Todos los recelos de Giovanni se iban perfilando. Ante sus ojos, aquella mujer le infundía cada vez más sospechas y verdades ocultadas. No obstante, opuso una protesta levemente airada:
—Quien ocupa una habitación tiene preferencia sobre cualquier aspirante. Estoy al corriente de pago y tengo intención de quedarme.
—Pagó usted una semana. Se ha cumplido ya. No hay motivo para discutir más —puntualizó ella, impávida y lejana.

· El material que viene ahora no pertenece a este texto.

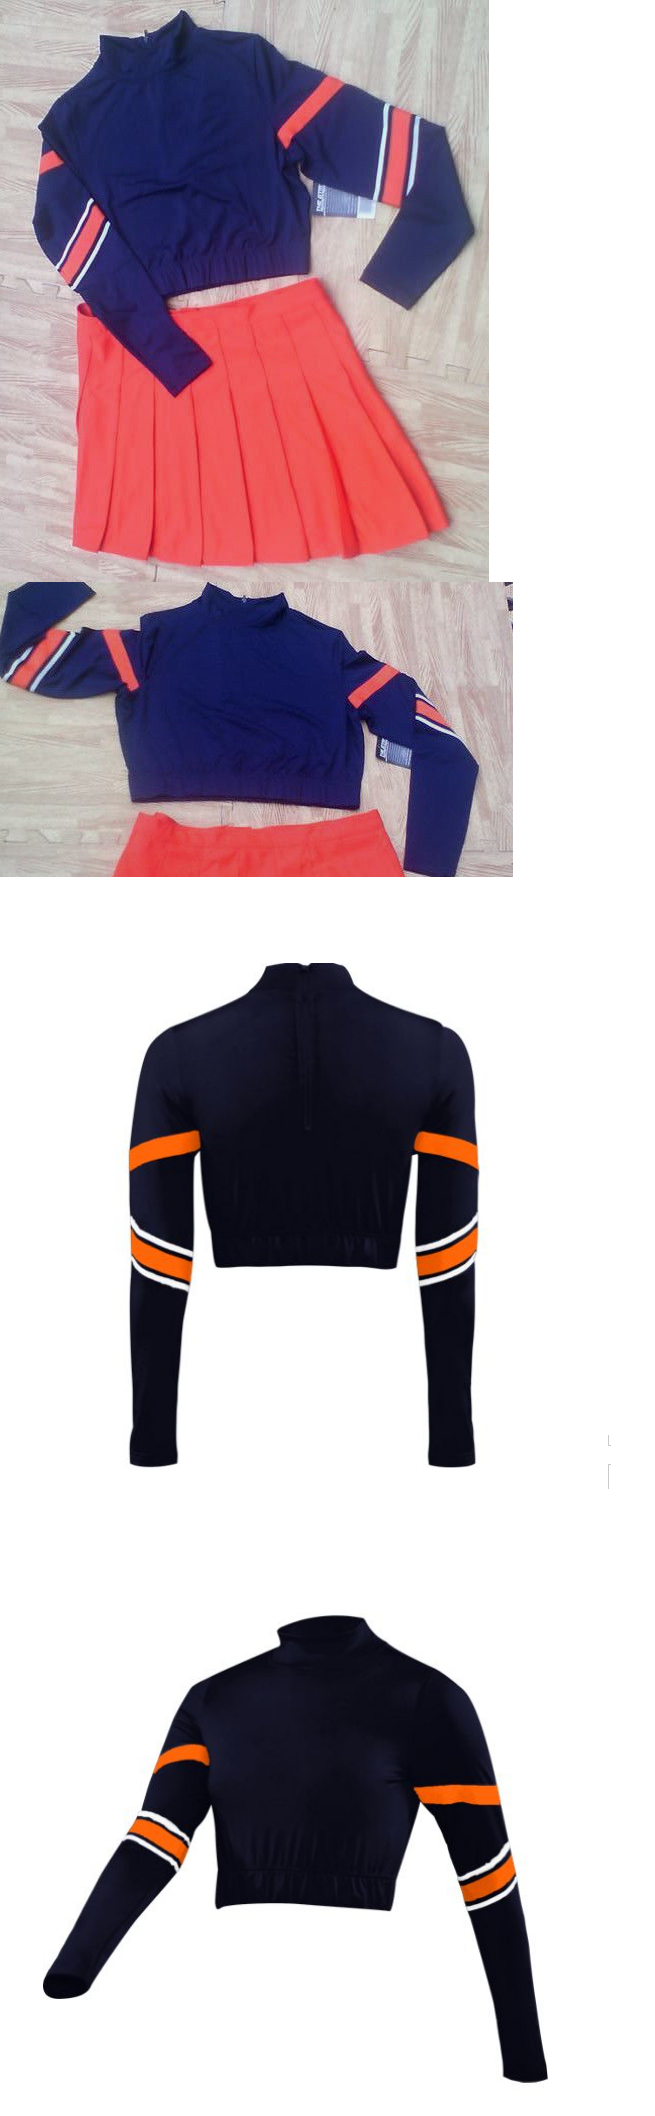 cf0954e5875 Cheerleading 66832  Adult Xl 16 18 Navy Orange Cheerleader Uniform Crop Top  Skirt 41-
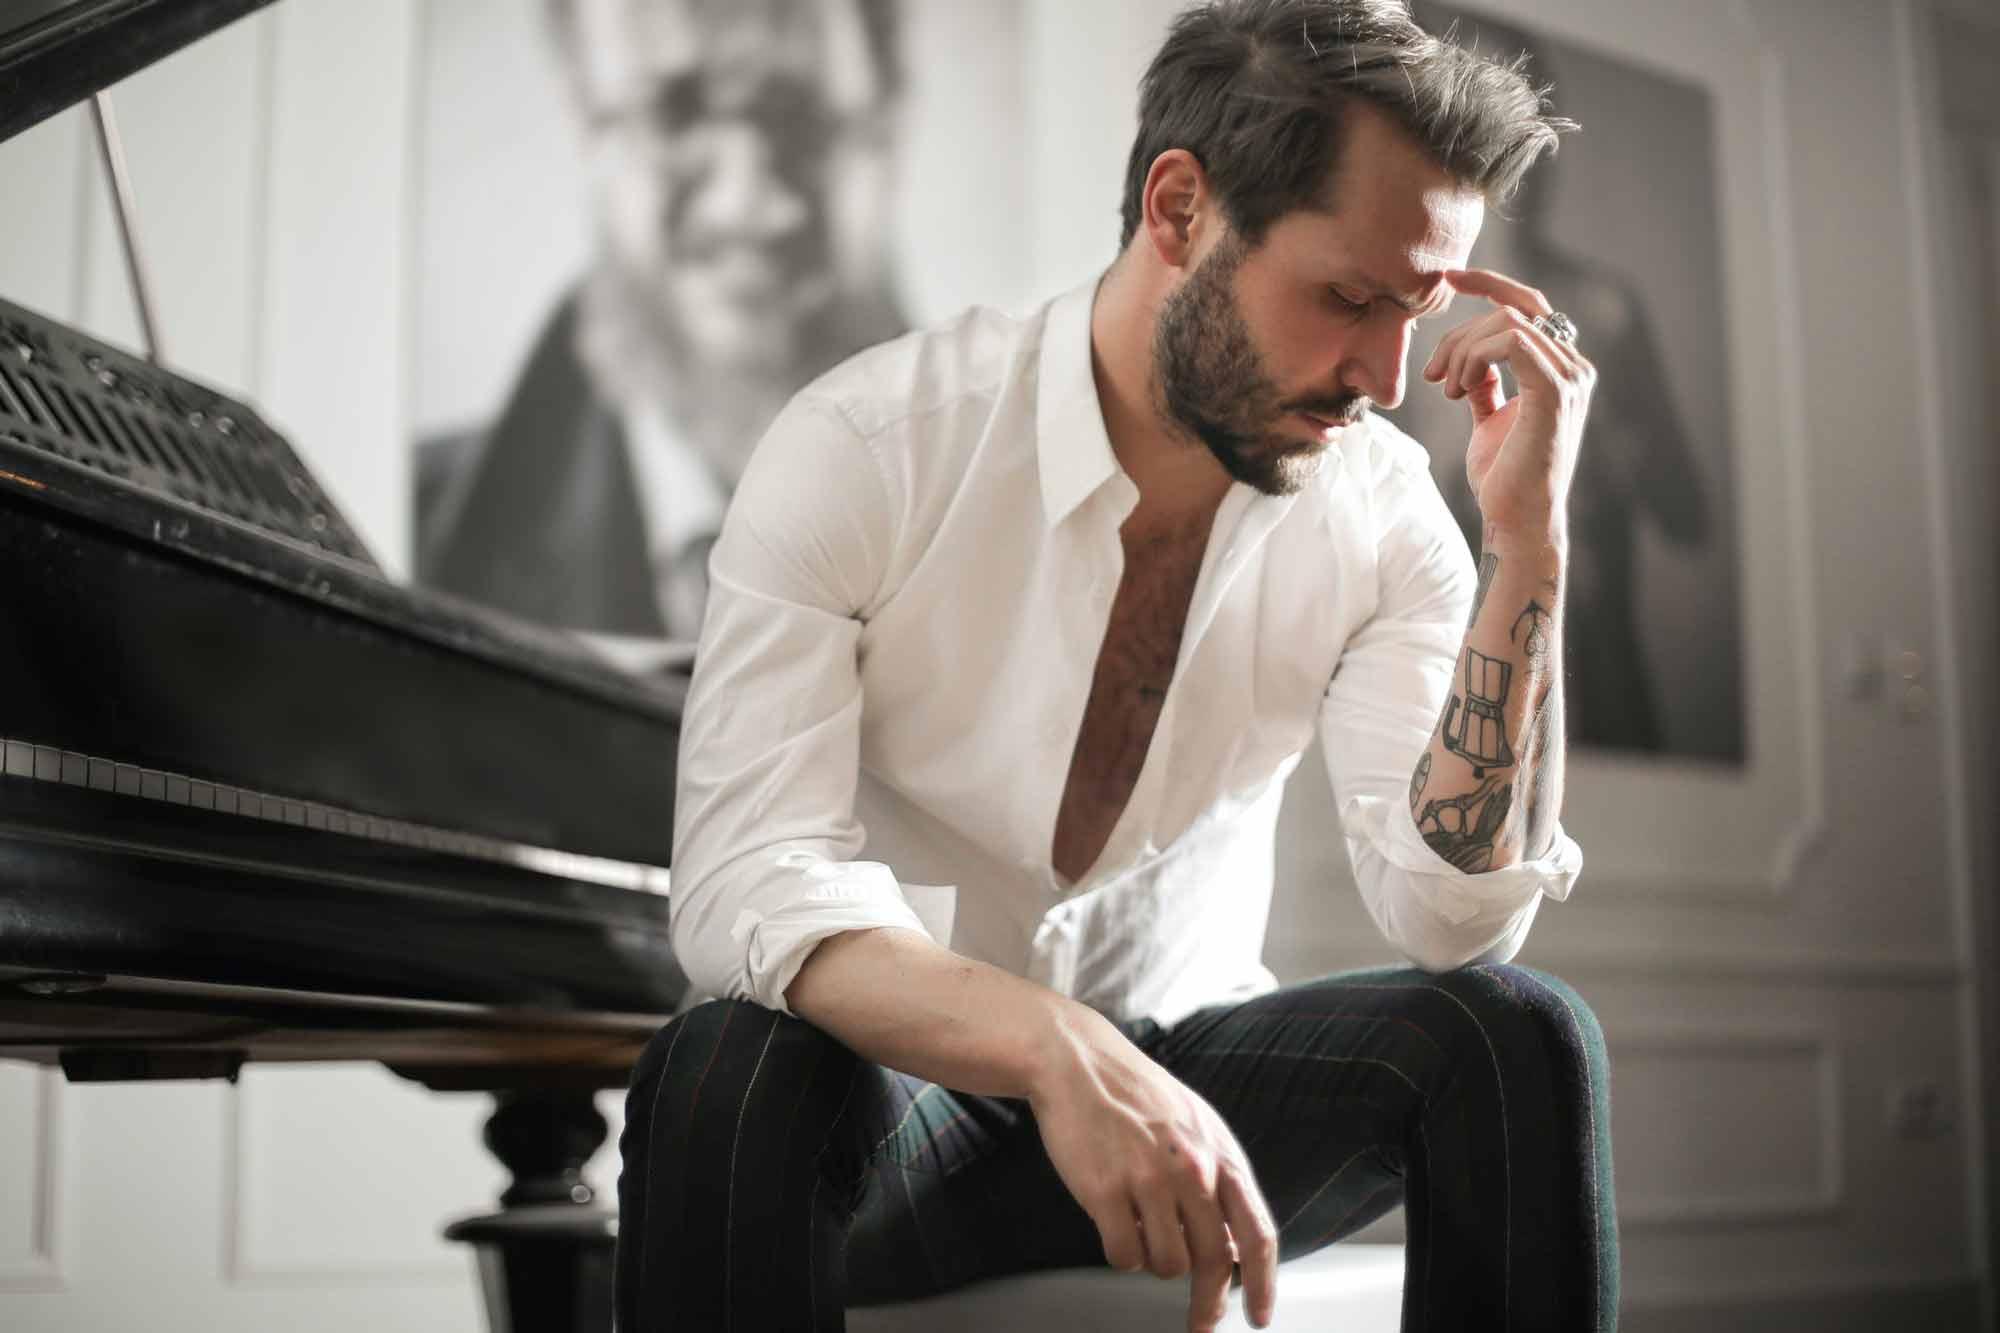 artist music gig finder

Giovanni estuvo a punto de replicar: «¡Y todo porque anoche me di una vuelta por el palazzo! ¿Qué trata usted de ocultar o encubrir'? ¿Qué sabe realmente? ¿Por qué quiere impedir que yo vuelva a entrar en la mansión de los Balzani?».
Sin embargo, se lamentó:
—No tengo otro lugar adonde ir, señora. Usted lo sabe.
—Ya me he ocupado de todo mientras dormía usted.
—¿Tiene alguna otra habitación disponible?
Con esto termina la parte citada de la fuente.